◆ **Task item**
Pictures in the data below are not part of the copy; transcribe everything else exactly.

◆ **Data excerpt**
◇ ◇ ◇ ◇ ◇ ◇ ◇

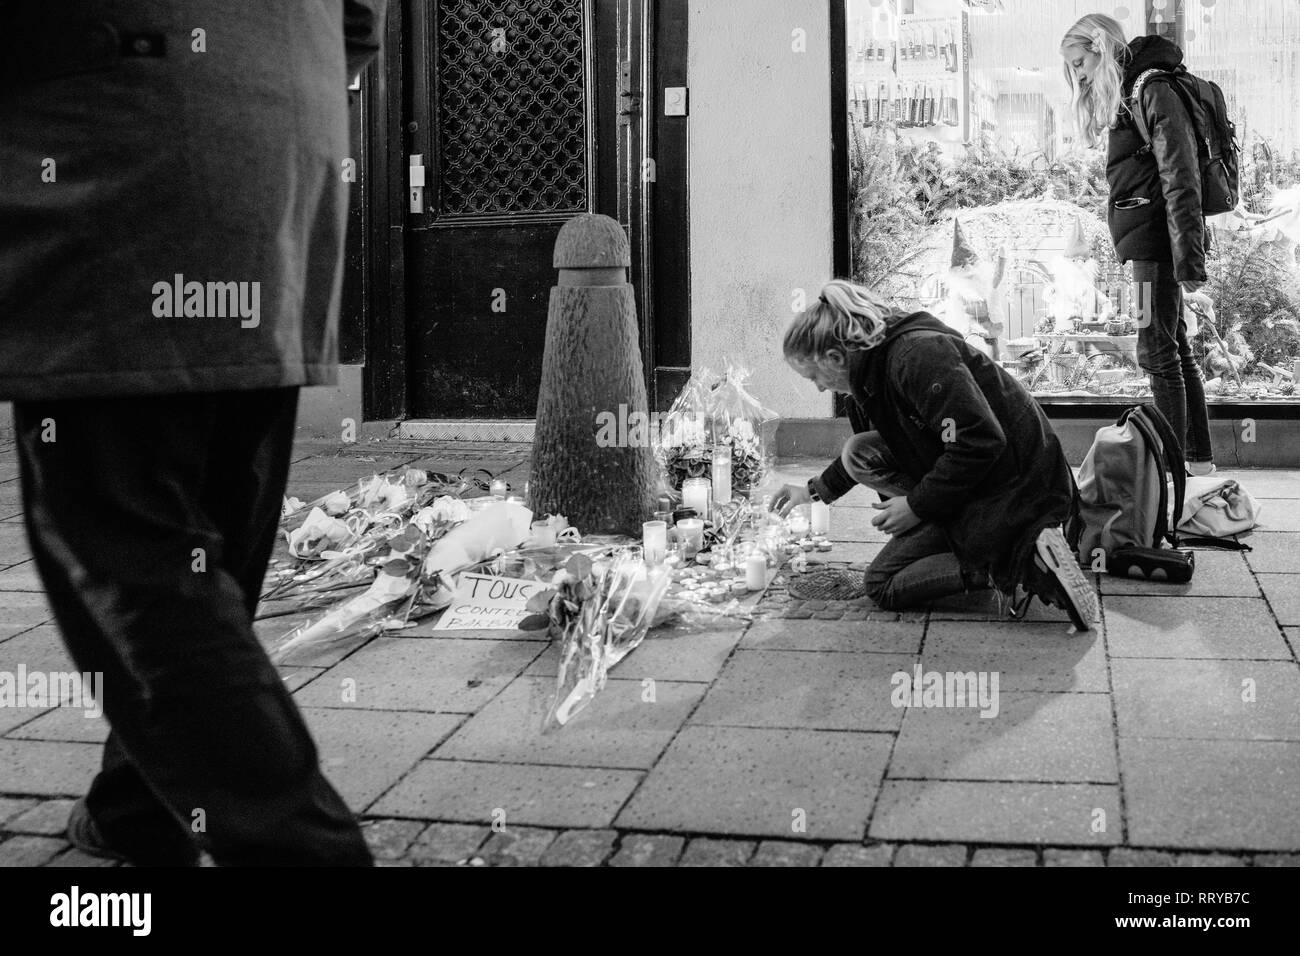 Strasburgo, Francia - Dic 13, 2018: giovani ragazze accendendo candele su Rue des Orfevres a partecipare a una veglia con più luce di candele fiori e messaggi per le vittime degli attentati Cherif Chekatt al mercatino di Natale Foto Stock
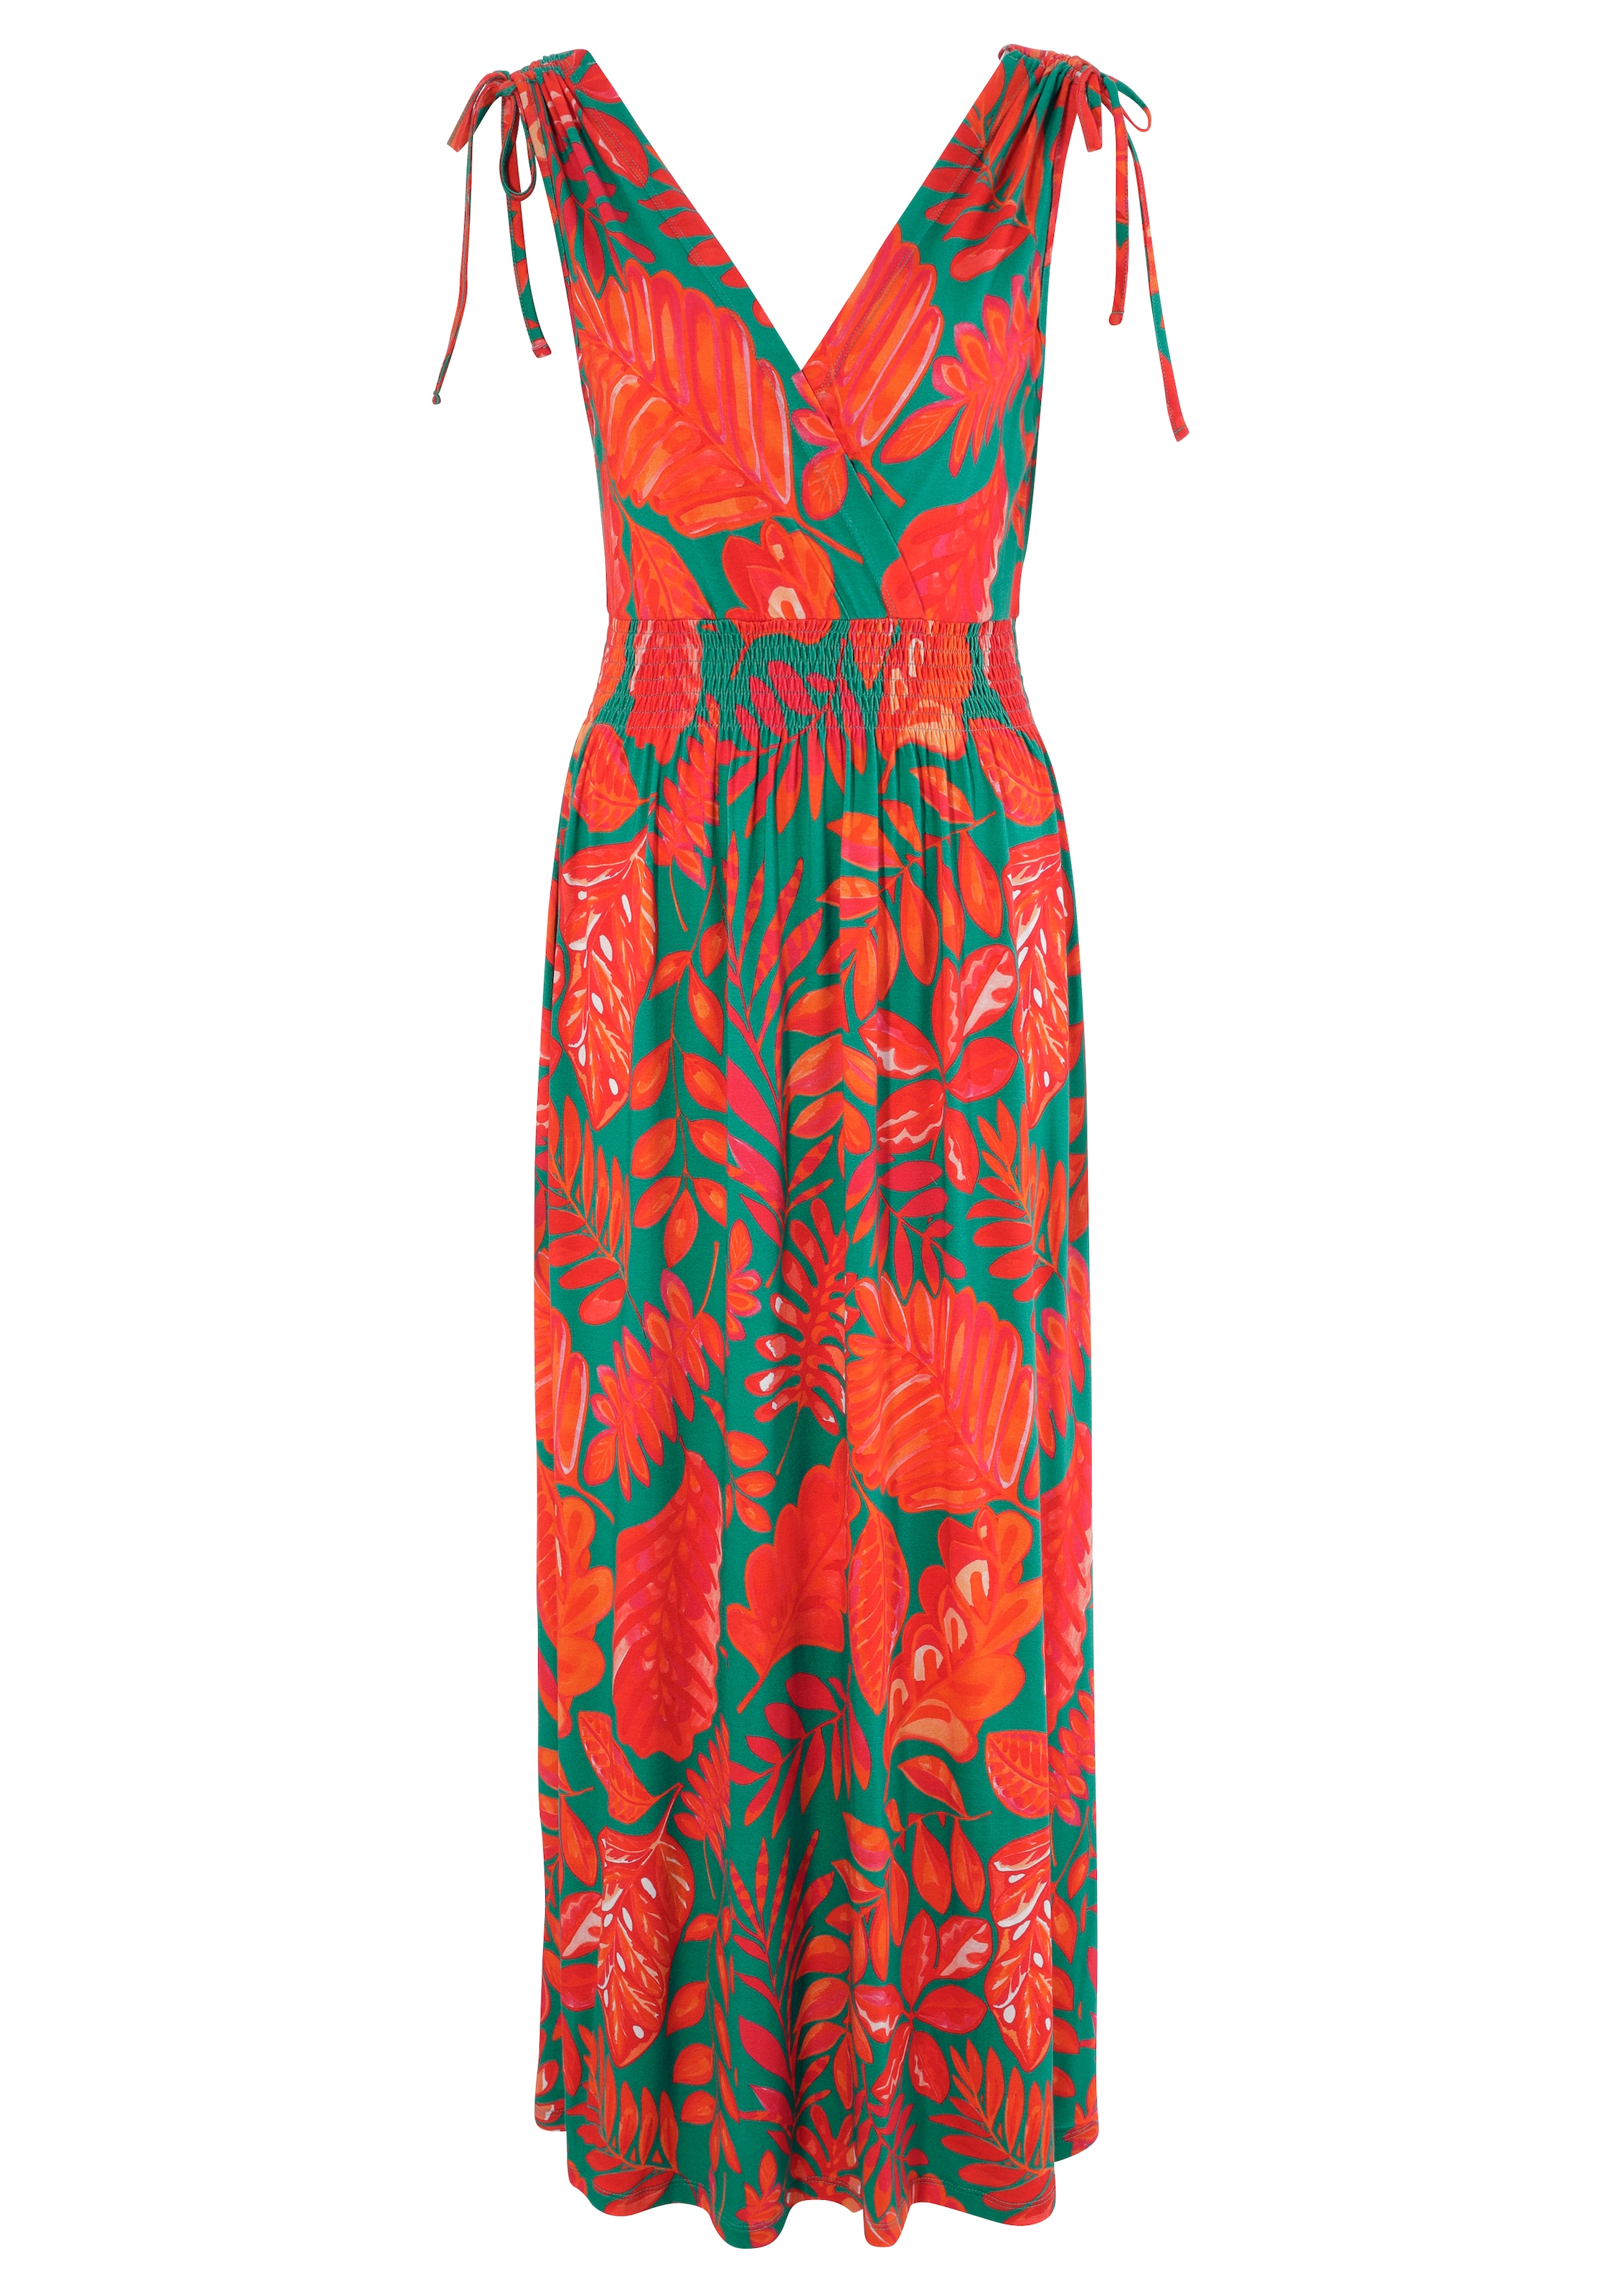 SELECTED Aniston Raffen online zum Trägern mit Sommerkleid, breiten
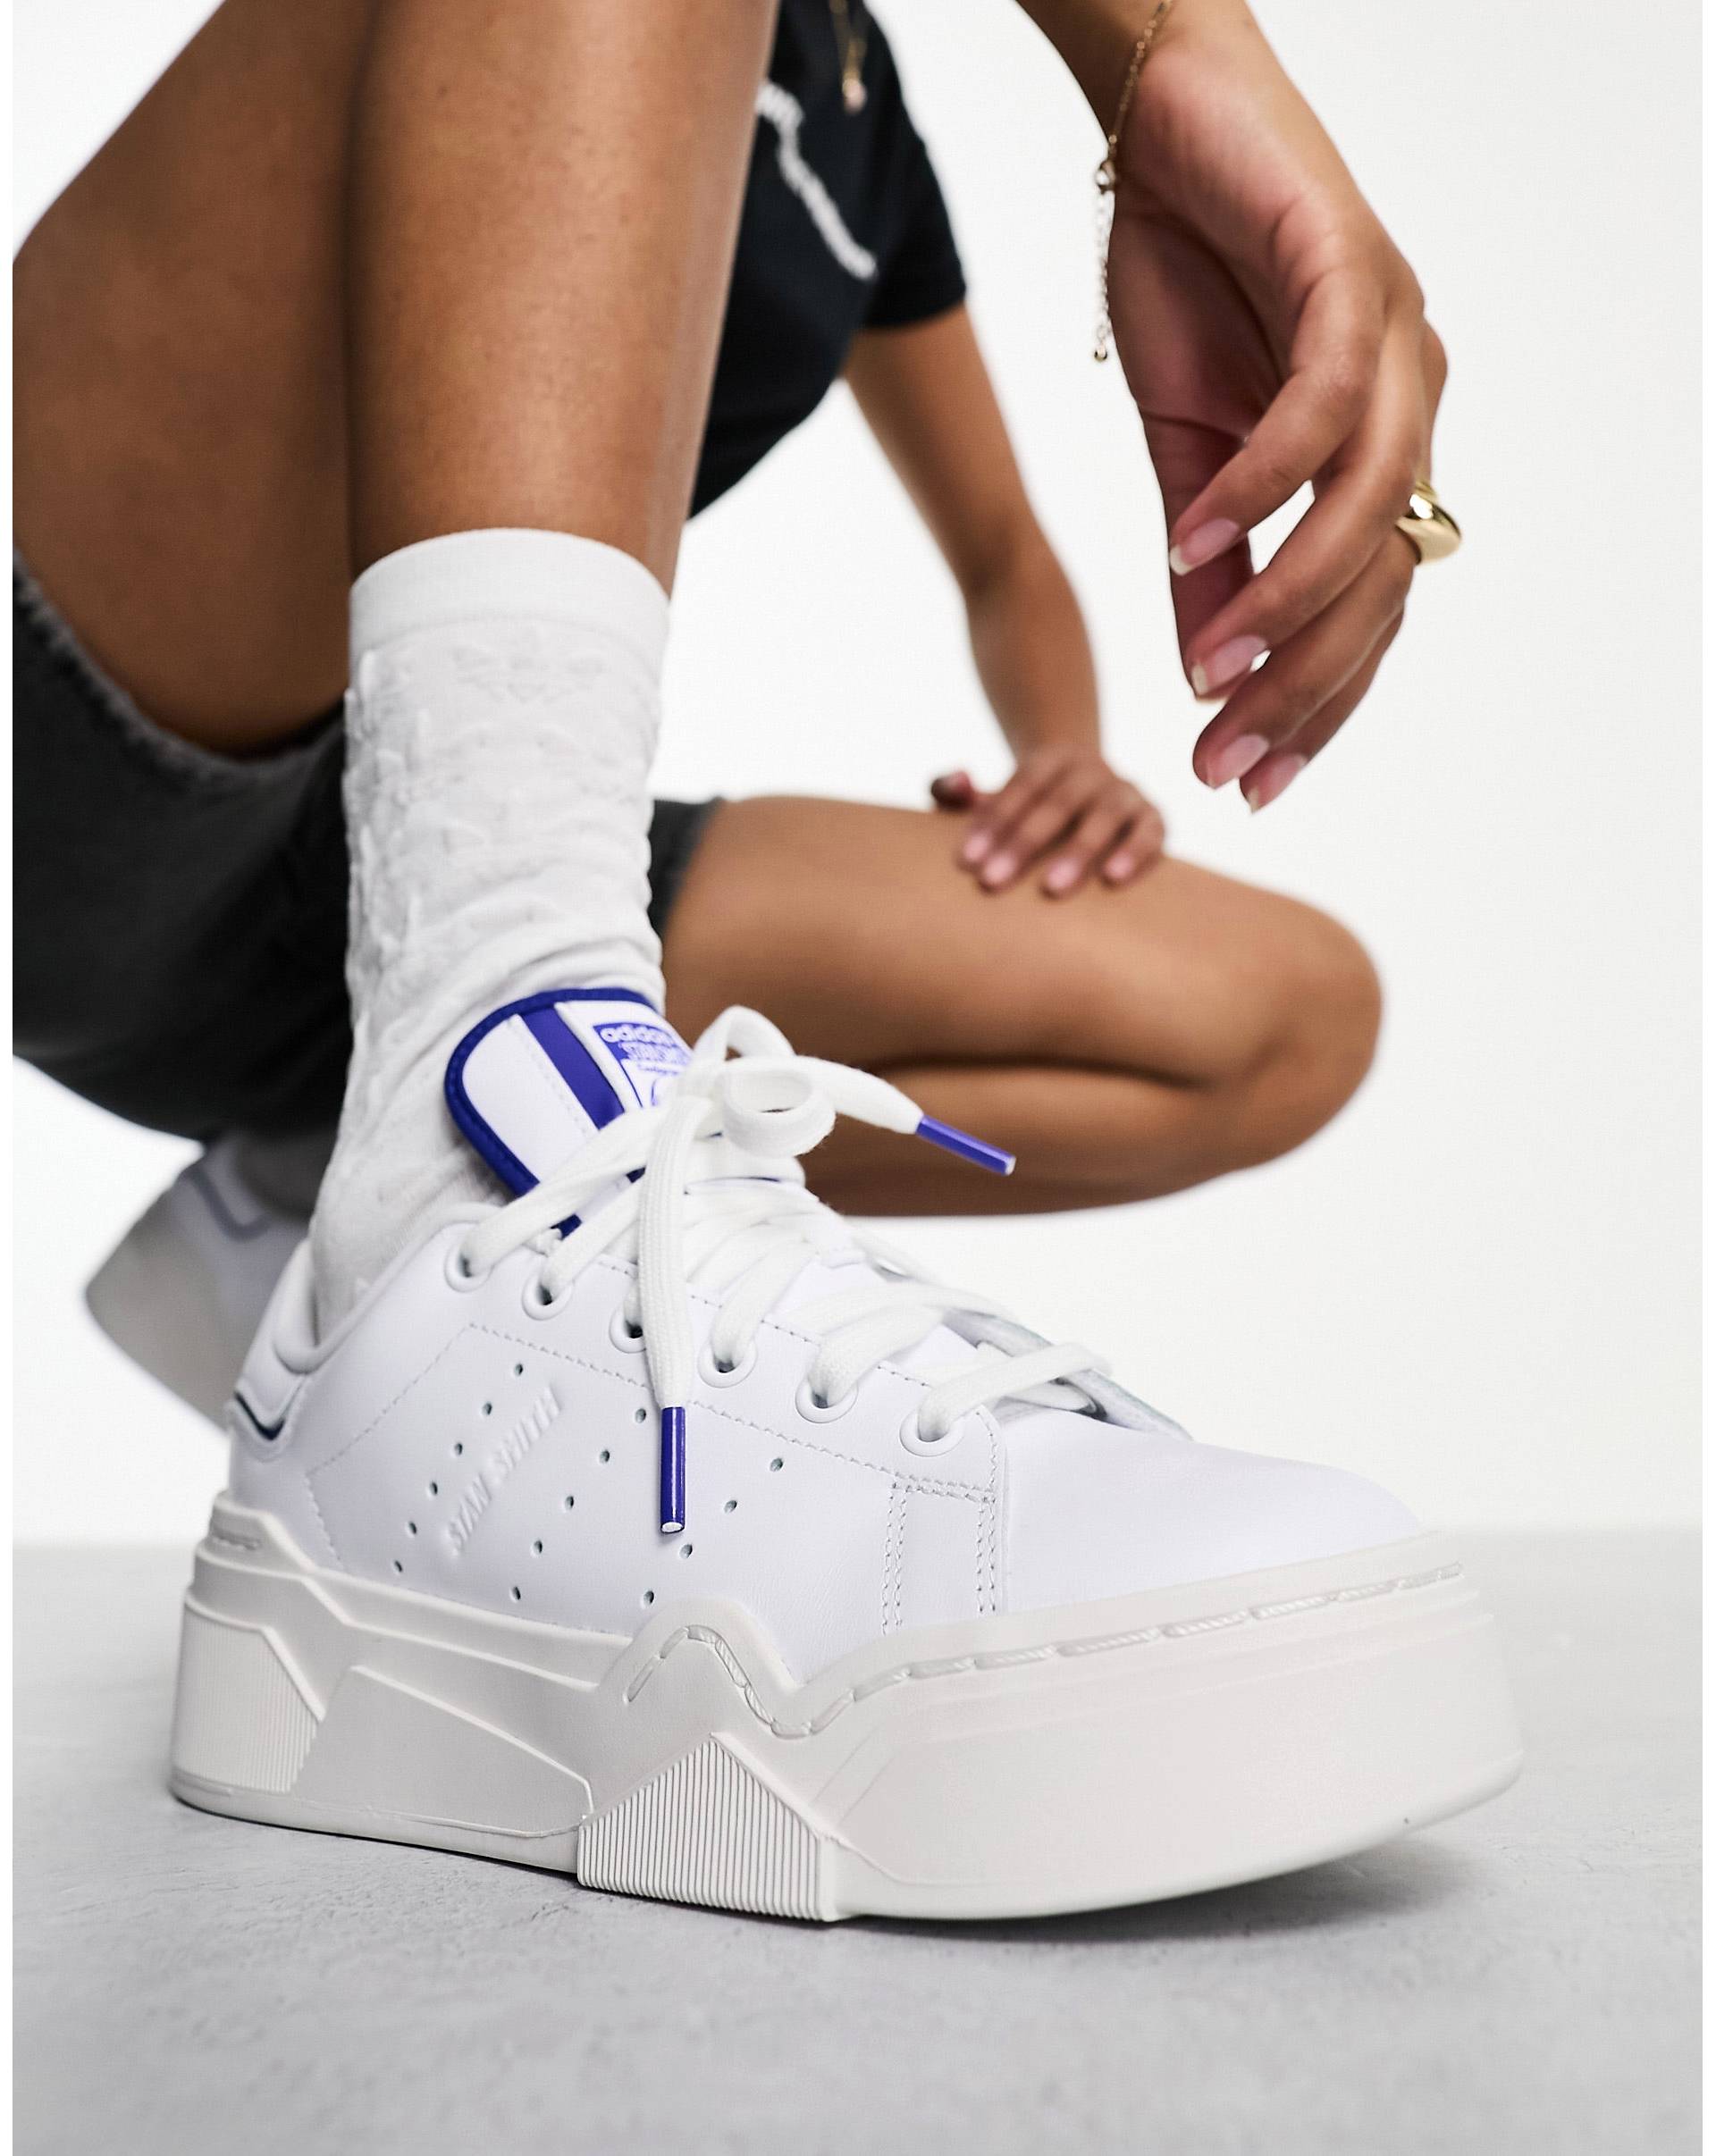 Белые кроссовки adidas Originals Stan Smith Bonega 2B

◇ ◇ ◇ ◇ ◇ ◇ ◇

◆ **Answer space**
 Strasburgo, Francia - Dic 13, 2018: giovani ragazze accendendo candele su Rue des Orfevres a partecipare a una veglia con più luce di candele fiori e messaggi per le vittime degli attentati Cherif Chekatt al mercatino di Natale Foto Stock
 SELECTED Aniston Raffen online zum Trägern mit Sommerkleid, breiten
 Белые кроссовки adidas Originals Stan Smith Bonega 2B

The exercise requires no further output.